Abstract: This paper describes a semantic approach for modelling security requirements of requesters and providers of
Semantic Web Services. These semantic descriptions can be used either during semantic service discovery
or service selection phase for automatic compatibility verification of the security requirements of a service
requester and provider. The security requirements model, ontology classifying existing security services and
mechanisms, and a semantic matchmaking method relying on description logics are described in detail. This
work is related to several semantic and non-semantic Web Services standards. The relationship to the most
relevant of them has been worked out.
1 INTRODUCTION
Web Services enabled business systems can be used
by anyone, from anywhere, at any time, and on any
type of platform. Semantic Web Services promise a
higher degree on automation concerning discovery,
invocation, composition, and monitoring of Web
Services. Security and trust are very important
factors for the success of the Semantic Web. In this
work, the security requirements for Semantic Web
Services are described in a manner that the security
mechanisms based on the existing security standards
will be represented in formal logics (to be more
precisely in description logics (Baader, F. et al,
2003)). Description logics are directly supported by
one of the Web Ontology Language (OWL) dialects
OWL-DL (Smith, M. K. et al, 2005). This allows
taking into account the security requirements of
requesters/providers during the Semantic Web
Service discovery or selection phase, i.e., enabling
automatic compatibility verification.
For the representation of different security
mechanisms we have chosen as the basis the Web
Services Security Policy Language (Web Services
Policy Language, 2005) that has collected many
standard security mechanisms. All security
mechanisms are represented as classes in OWL-DL.

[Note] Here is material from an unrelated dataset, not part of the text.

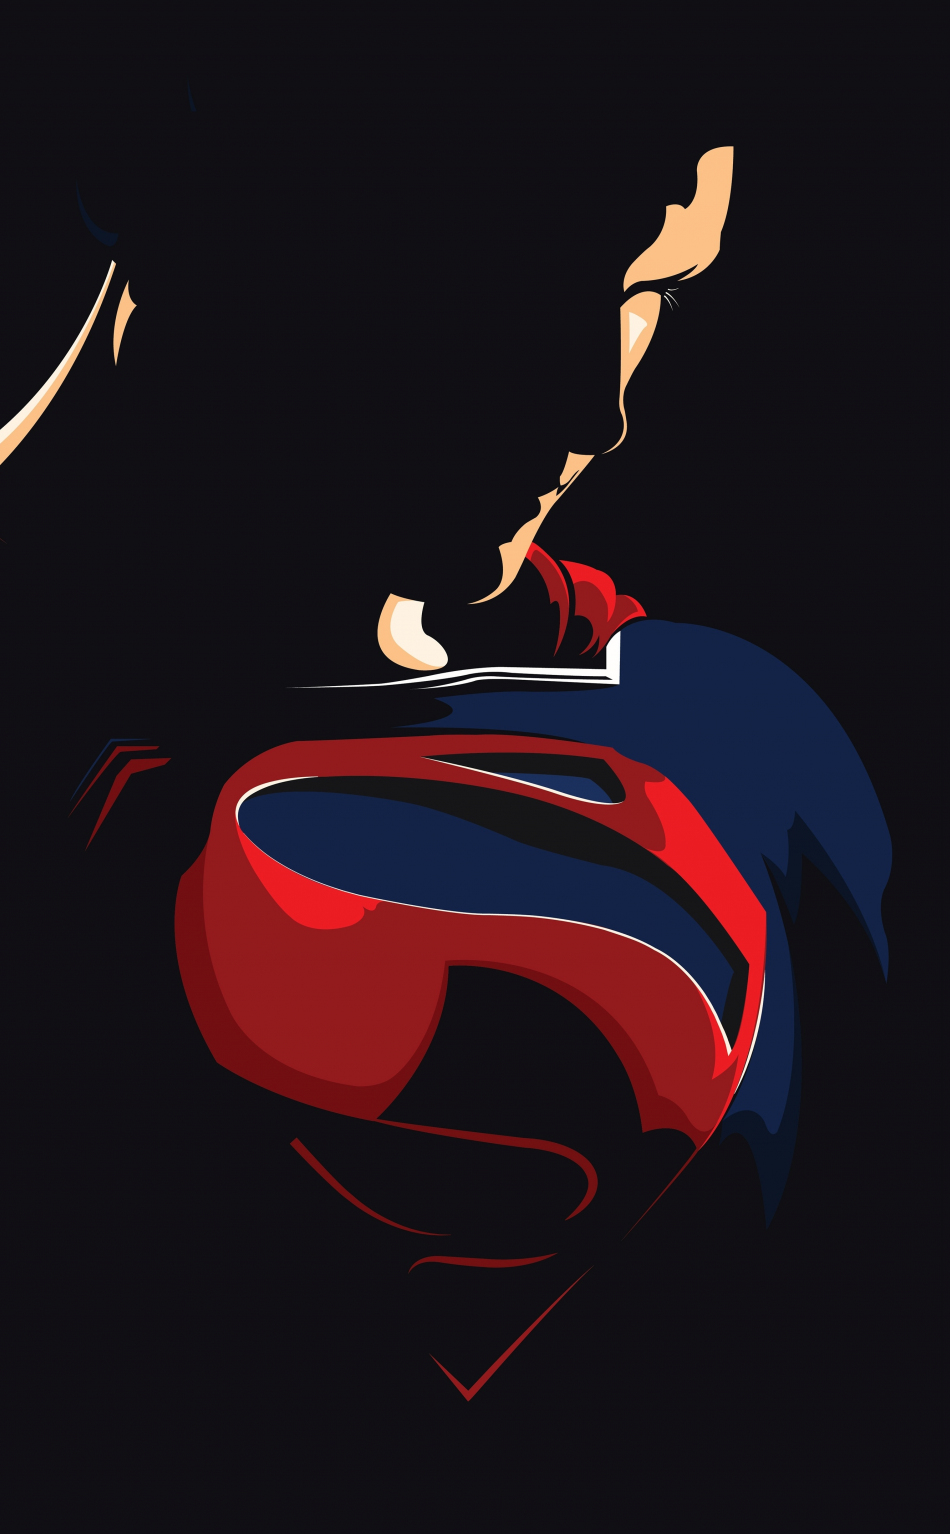 Superman, justice league, minimal and dark, dc comics, 950x1534 wallpaper

The security requirements on the security services
are described either using these classes directly or by
logical combinations of these classes.
At first, we introduce the Web Services Policy
Framework (WS-Policy) (Web Services Policy
Framework, 2005) and Web Services Security
Policy Language (WS-SecurityPolicy) (Web
Services Policy Language, 2005). Then, we describe
our basic concept for realizing security requirements
matching.
The classes of security services and the standard
security mechanisms are then formally described in
an ontology that is used in the expressions of
security requirements of communicating parties.
In order to realize automatic matching of security
requirements, they must be described in a machine
understandable language. WS Policy describes
requirements in the form of policies, policy
alternatives and assertions. We map the concepts
used in WS-Policy to OWL-DL starting from the
work described in (Kolovski, V. et al, 2005) and
extending it.
Finally, an example demonstrates how to
describe security requirements in OWL-DL at the
capability-level and how to test the compatibility
between the requirements of two communicating
parties.
387
Friesen A. and Feng D. (2006).
A MODEL FOR AUTOMATIC MATCHING OF SECURITY REQUIREMENTS DURING SEMANTIC WEB SERVICE DISCOVERY.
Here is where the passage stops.